Findings from their research showed that FIASMAs are capable of preventing the growth or outright killing of at least four different kinds of intracellular bacterial pathogens found in animal models and tissue cell culture.
Jason Carlyon, a professor from VCU’s Microbiology and Immunology Department and lead investigator of the study explained that antibiotic options for diseases caused by intracellular bacteria are limited because many of these drugs cannot penetrate the human cell membranes, as the bacteria are protected.
He noted that infections caused by intracellular bacteria are usually treated using tetracycline. These antibiotics are capable of penetrating cell membranes and attacking the microbes directly.
However, not all patients can receive tetracycline treatment since it can cause some allergic reactions. The drug can also result in adverse side effects in children and pregnant women.

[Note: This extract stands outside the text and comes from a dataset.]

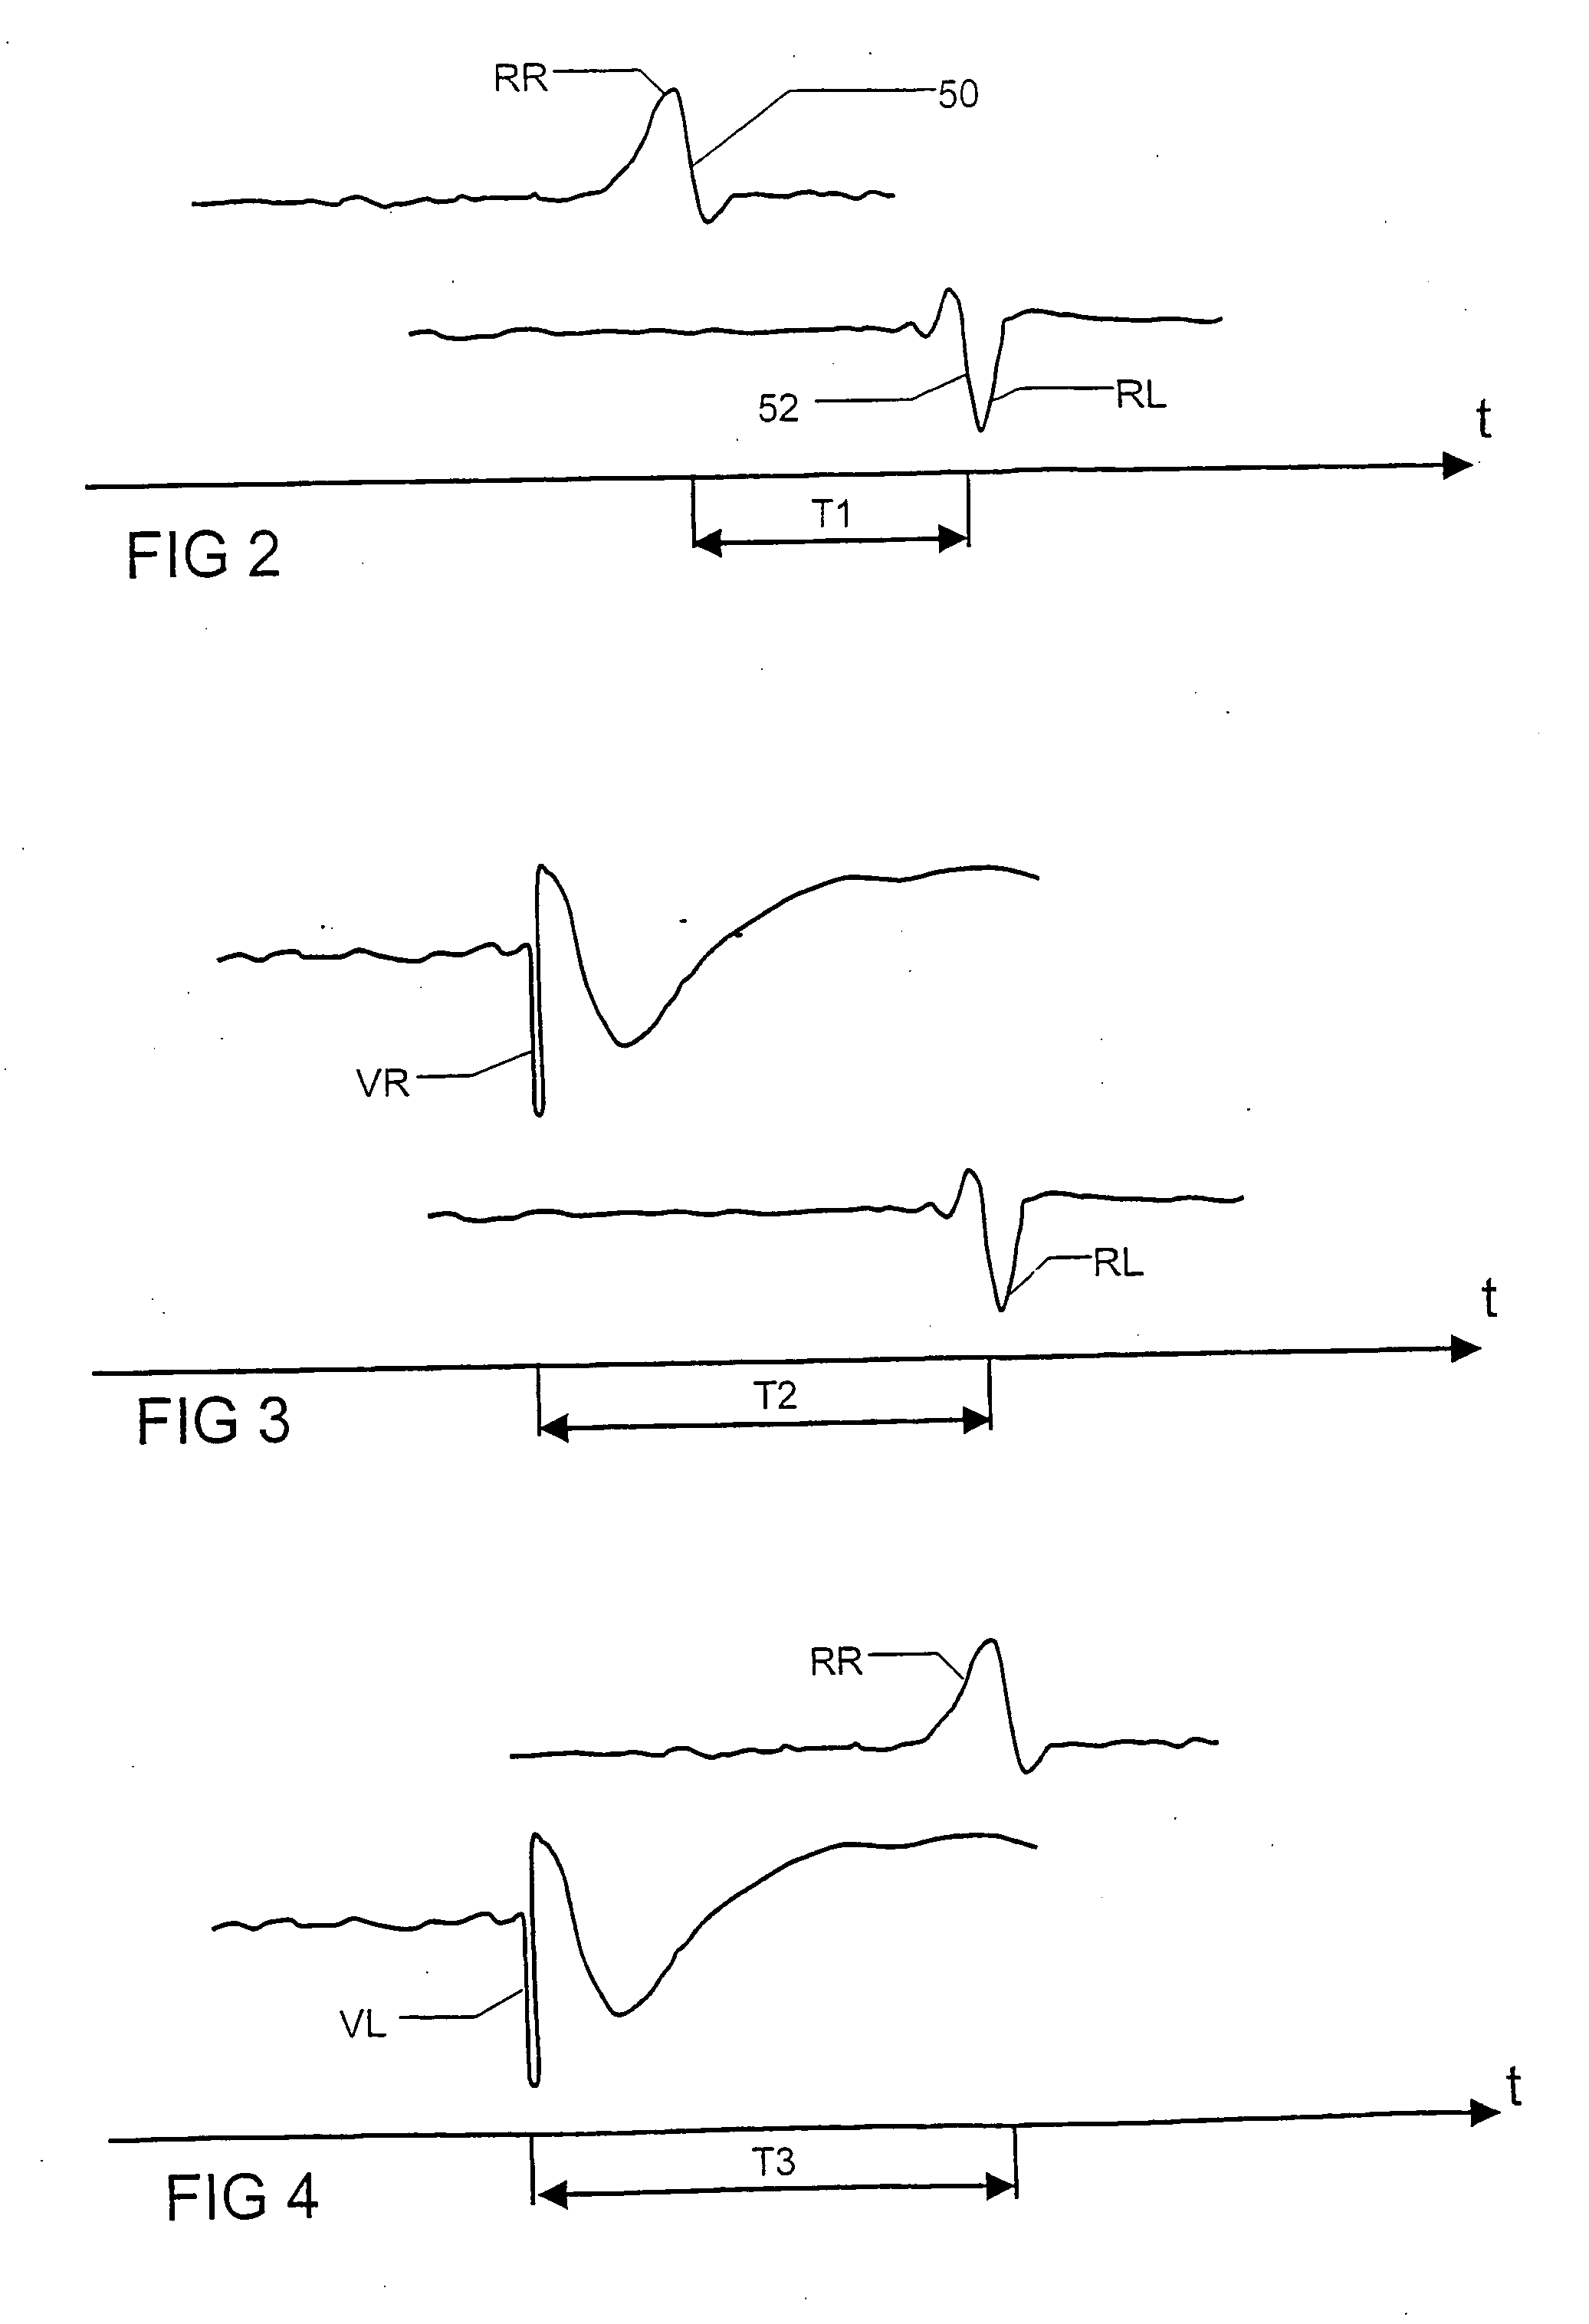 Heart monitoring and stimulating device, a system including such a device and use of the system
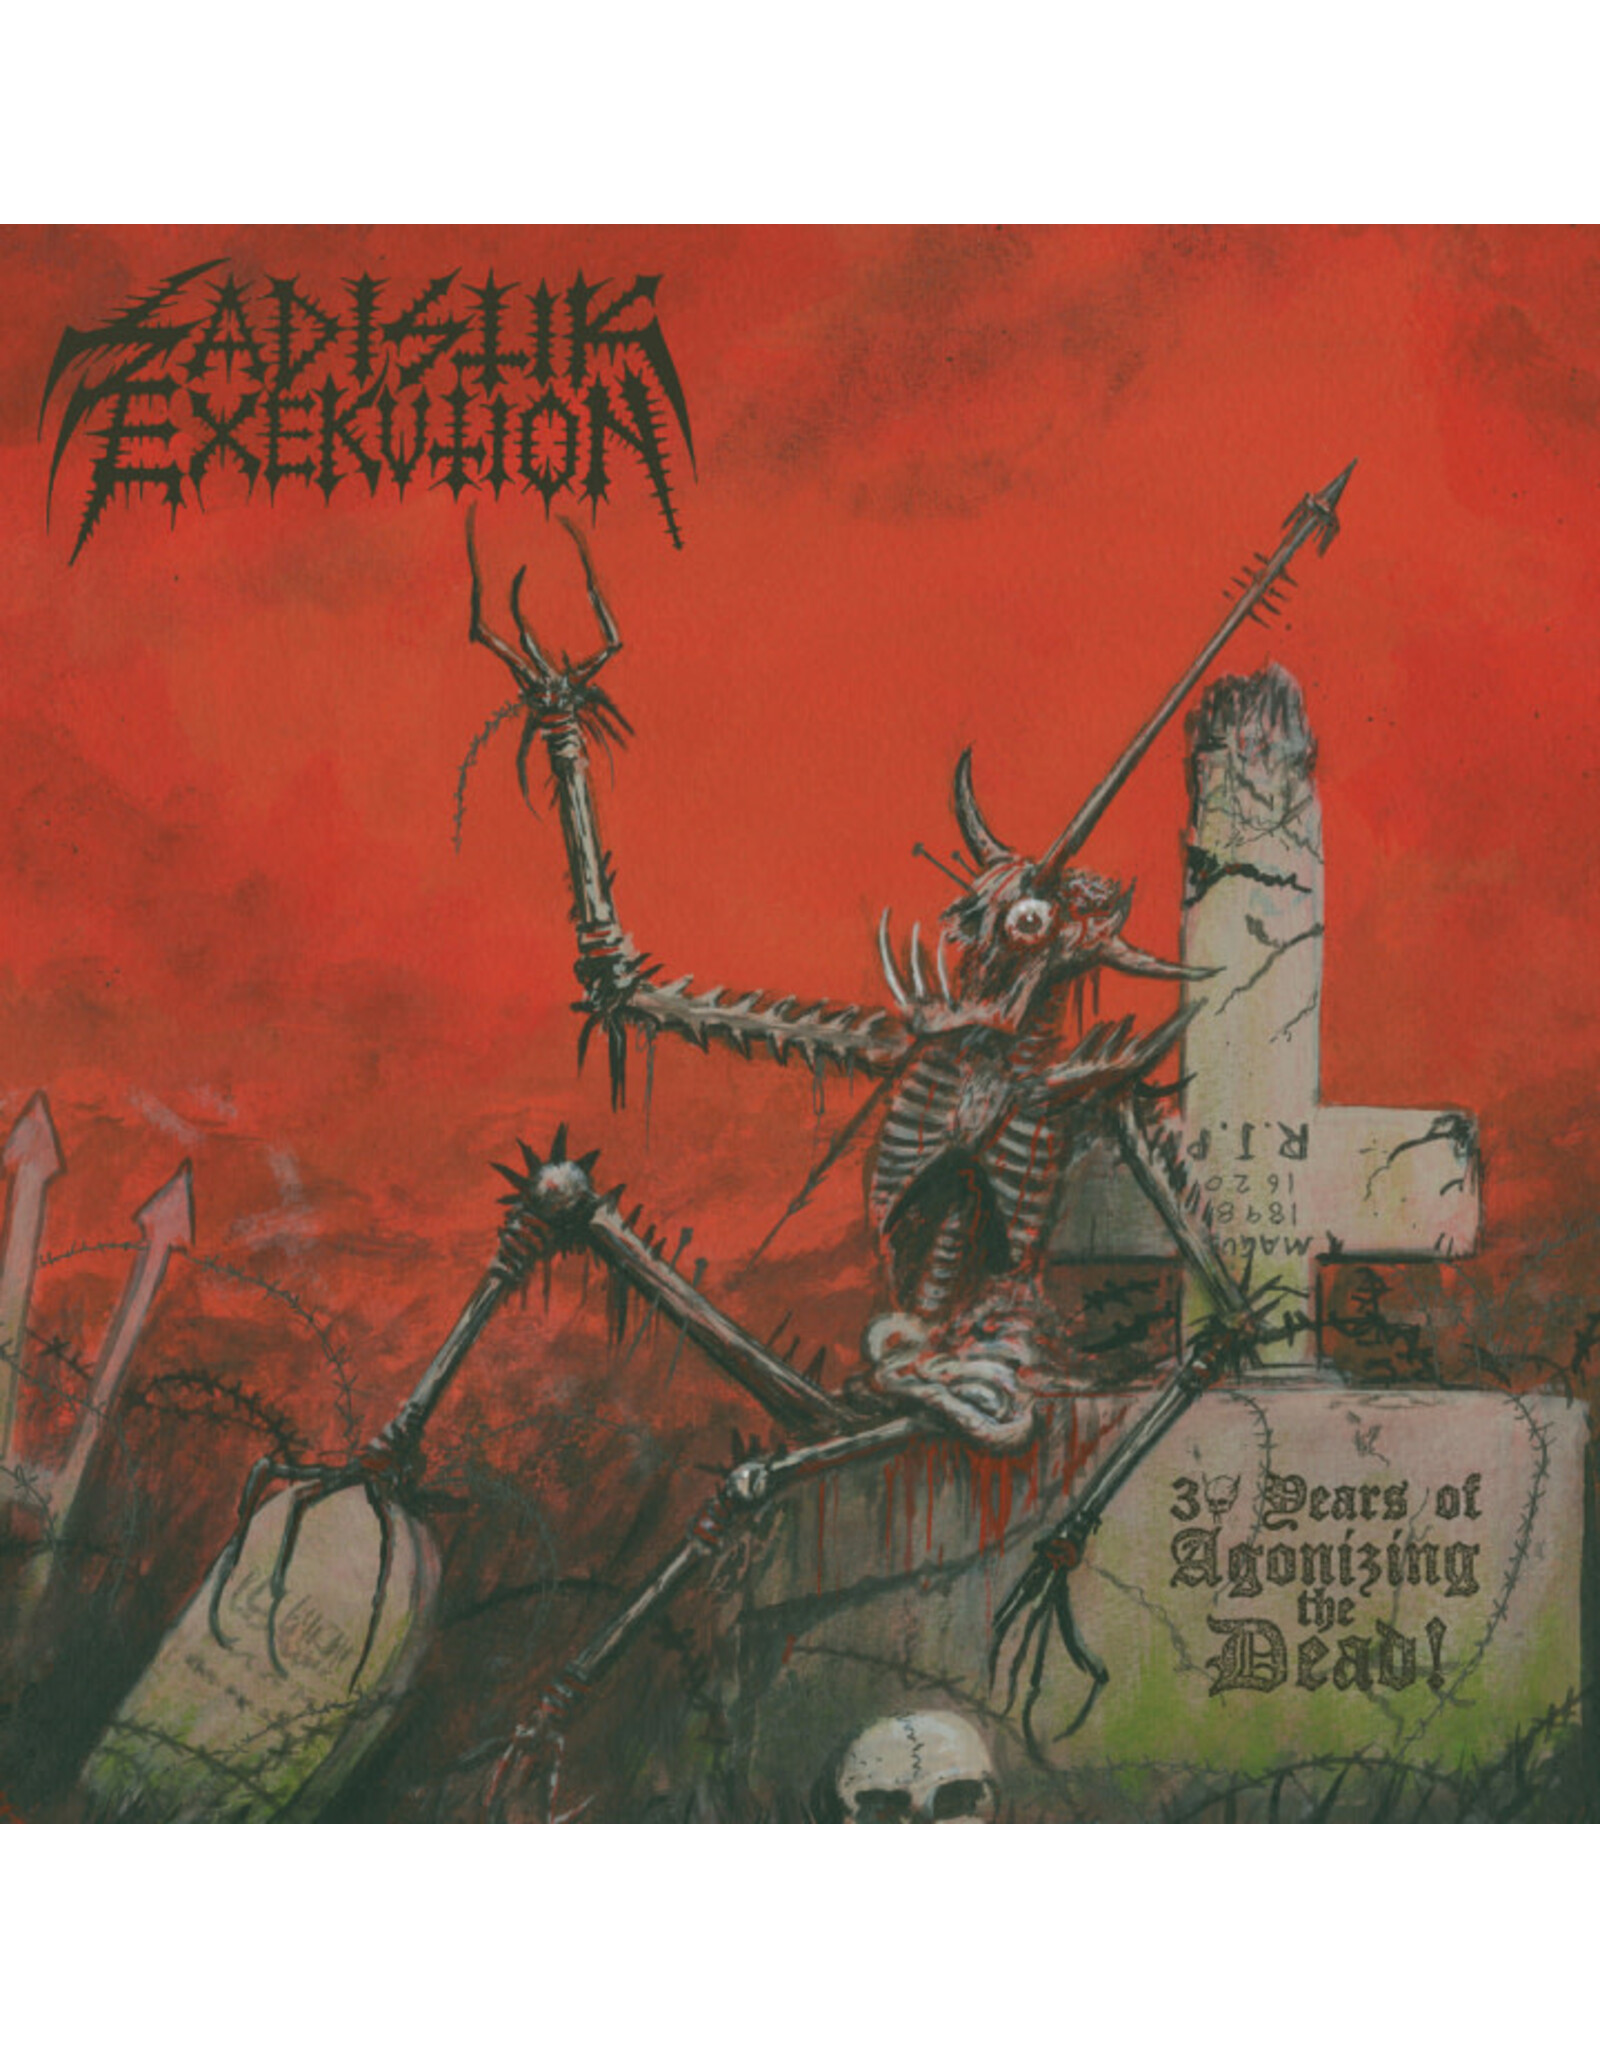 Nuclear War Now Sadistik Exekution: 30 Years Of Agonizing The Dead LP

Studies have also identified cases of antibiotic resistance related to intracellular bacterial infections.
Carlyon highlighted the need for a new class of drugs that can treat patients who are not able to receive tetracycline therapy. Such medications can be used either as an alternative to antibiotics, or even as a partner treatment to help augment the impact of antibiotics.
He added that these drugs could be used for infections that require prolonged antibiotic therapies such as those caused by Coxiella burnetti and Chlamydia pneumoniae bacteria.
The team of researchers from VCU, Indiana University Medical Center, University of Nebraska Medical Center, University of Arkansas for Medical Sciences, and the University of South Florida, including Carlyon and lead author Chelsea Cockburn, are the first to investigate the mechanisms by which FIASMAs target multiple intracellular bacteria in detail.
In establishing the link between the aantidepressants and the multiple infectious diseases, the researchers tested the impact of FIASMA on four species of bacteria:
Human granulocytic anaplasmosis – A tick-borne infection that targets the body’s white blood cells known as neutrophils.
Q fever -A disease caused by the Coxiella burnetii bacteria and known to transfer from animals to humans, and two kinds of chlamydia infections.
Carlyon and his colleagues observed how FIASMAs can affect cholesterol, an important nutrient used by intracellular pathogens, traffics inside cells to disrupt the access of bacterial to certain lipids. They also saw how such antidepressants can prevent anaplasmosis in both mice and tissue culture samples.
The researchers then tested FIASMA treatment on Coxiella burnetii, a primary agent of Q fever infection, and found how the antidepressants ultimately killed the microbe. The medication also partially inhibited the spread of chlamydial infections in cell culture.
Carlyon explained that since FIASMAs can disrupt the trafficking of cholesterol in cells and cholesterol plays a key role in different facets of human biology, the antidepressants have been used to address a wide range of medical conditions and diseases.
He pointed out that FIASMAs can target intracellular cholesterol, which removes the need for treatments to directly attack bacteria.
The class of drugs that the researchers evaluated were able to target an enzyme in cells known to regulate cholesterol and not the bacterial itself.
The team does not see the pathogens being able to develop some form of resistance to FIASMAs since the treatment targets a pathway that the microbes depend on to survive while inside their host’s body.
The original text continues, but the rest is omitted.